Kirsten Bilting García y Marcos María Lázaro
PUBLIC LAW DIVISION
Graduate in Law from the Complutense University of Madrid, Master’s Degree in Access to the Legal Profession and Digital Law from IE Law School. Member of the Public and Real Estate Law Division at Bufete Barrilero y Asociados.
K.bilting@barrilero.es · LinkedIn: http://linkedin.com/in/kirsten-bilting
Tokenization consists of converting a real asset into a token—in other words, creating a digital representation of that asset. Thus, for example, a high-value work of art can be tokenized to enable the online purchase and sale of its digital representation as if it were a share on the stock market.
In recent years, tokenization has become one of the main innovations in the real estate sector. In contrast to an environment traditionally characterized by high-value transactions, low liquidity and complex financing processes, this model makes it possible to economically split a project without altering ownership of the property. For developers, it represents a more direct and flexible source of financing; and for investors, it drastically reduces the entry barrier, allowing participation in high-value assets starting from amounts that, in some cases, range between €100 and €200.
Real estate tokenization digitally represents, through tokens, economic rights linked to a property. These tokens in the real estate sector are classified as security tokens due to their financial nature. It is not the ownership of the property that is tokenized, but the instrument granting access to economic flows—rents, interest, or capital gains. Put simply: just as a share represents an aliquot part of a company and can be
transferred without affecting the company’s activity, a token represents an economic stake in a real estate project and can be bought or sold without modifying ownership of the underlying property.

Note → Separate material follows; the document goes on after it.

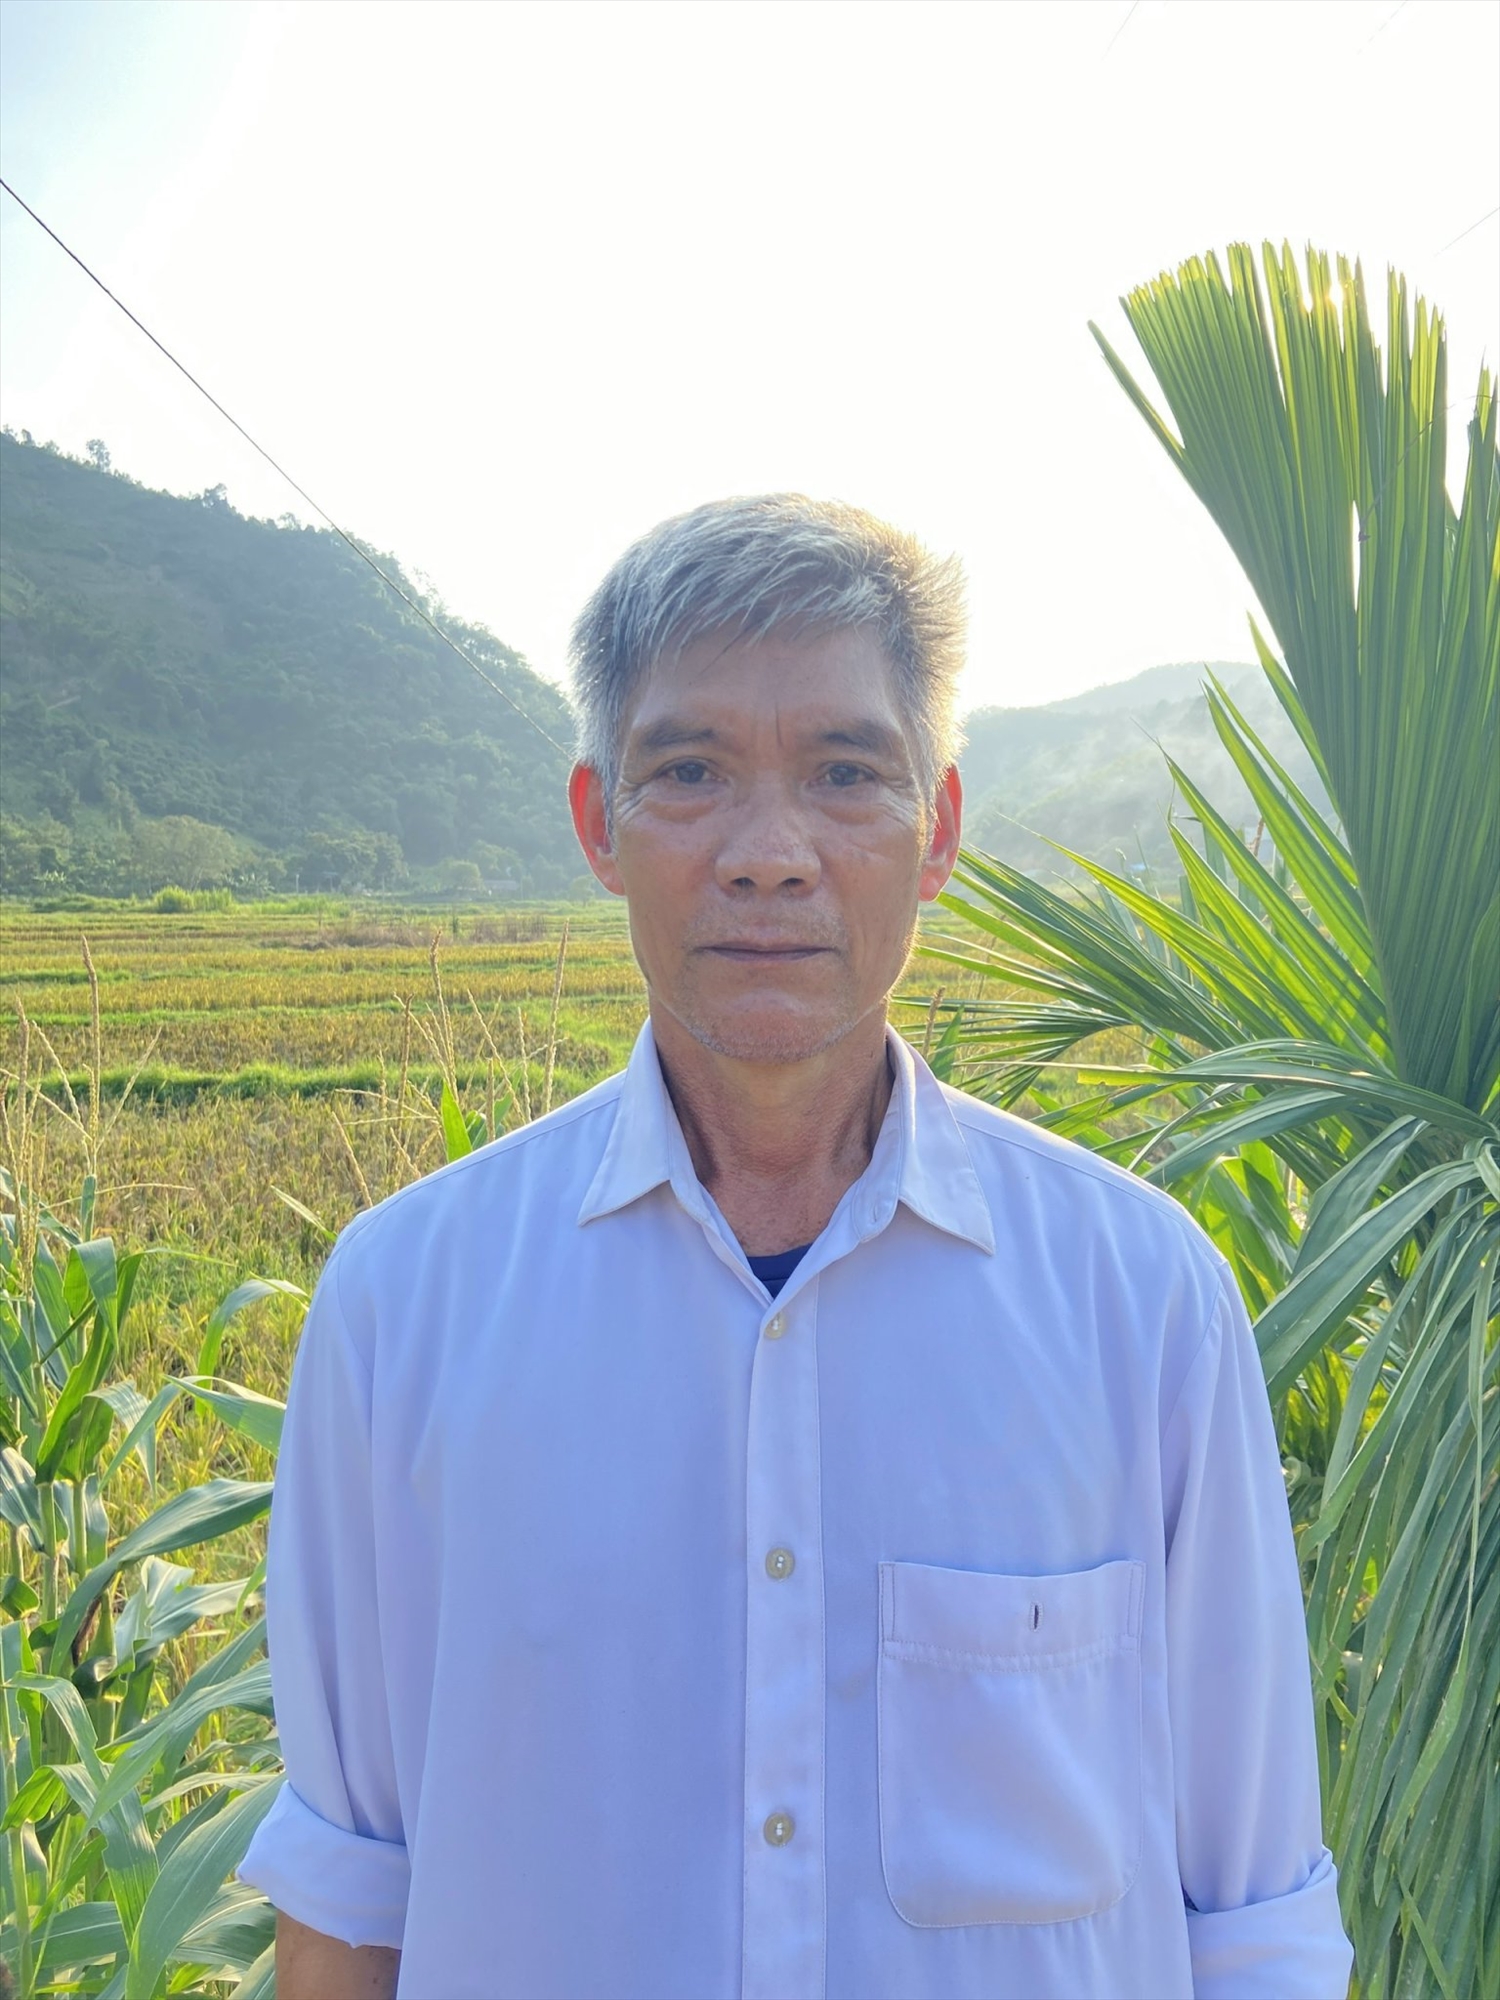  Ông Nguyễn Quang Minh, thôn Đức Uy, xã Trung Sơn (Yên Sơn).

In real estate, security tokens are generally divided into two major categories: equity tokens and debt tokens. The difference lies in the nature of the economic right they incorporate.
On the one hand, equity tokens allow the property to be integrated into a special-purpose vehicle whose shares are digitally divided. The investor acquires an economic percentage of the project and participates in the income derived from its operation and its final revaluation. For example, if a company owns a property valued at €500,000, it may issue 5,000 tokens representing the company’s shares, thus allowing flexible entry into the capital. This enables investors to access the project with small amounts, without the high outlay traditionally required in real estate investments.
On the other hand, debt tokens are used to finance acquisitions, renovations or project developments. The developer issues a financial instrument and divides it into multiple tokens representing a credit right with an agreed interest rate and set maturity. Thus, a €200,000 loan can be split into 2,000 tokens of €100, enabling each investor to receive a fixed pre-agreed return. This model can also offer tax efficiencies for developers by avoiding certain costs associated with traditional guarantees or mortgage structures.
Both models are already being applied in major international transactions. One of the most cited examples is the tokenization of the St. Regis Aspen Resort (USA), where equity tokens representing a special-purpose vehicle owning the hotel were issued, raising USD 18 million under a regulated framework.
In Spain, the first real-estate debt tokenization took place in 2020 to finance the renovation of a building in Barcelona. The transaction allowed investors to acquire tokens entitling them to a 7% annual interest and the possibility of trading them on a secondary market, demonstrating the usefulness of the model for financing needs that traditional banks seldom meet.
Based on transactions like these, several platforms have been developed in Spain which, without altering the property’s registry ownership, enable investments through security tokens. Their operation varies depending on the type of project, but they generally follow two main models: platforms oriented toward short-term operations—such as acquisitions, renovations, and quick resales—which structure financing through debt tokens with low entry tickets; and others with a more long-term, asset-management approach, integrating the property into a special-purpose vehicle and issuing equity tokens so investors can participate in periodic rents and the final appreciation of the asset. There are also platforms aimed at more sophisticated investors that combine both instruments in complex projects or prime locations, with higher minimum investments.
Although each model addresses different economic needs, they all share an essential element: they have opened access to real estate investment to previously excluded profiles and have provided developers with new financing pathways complementing traditional banking.
For all these reasons, tokenization represents a truly revolutionary change in the real estate market: it transforms how investment in real assets is structured, financed and accessed, introducing unprecedented liquidity and flexibility into a historically rigid sector. While it does not replace traditional structures, it decisively complements them, allowing the investment to be split, participations to be transferred more easily and dependence on bank financing to be reduced through more dynamic and accessible mechanisms.
In short, this advancement is enabling new ways of understanding economic participation in a property, opening the door to previously excluded investors and promoting the entry of international capital through digitalized and efficient structures. The scale of the change is already measurable: according to Boston Consulting, the global market for tokenization of real-world assets will reach USD 16 billion by 2030,
with annual growth of 63%, confirming that this is not a passing trend but a structural transformation that will continue reshaping the sector in the coming years.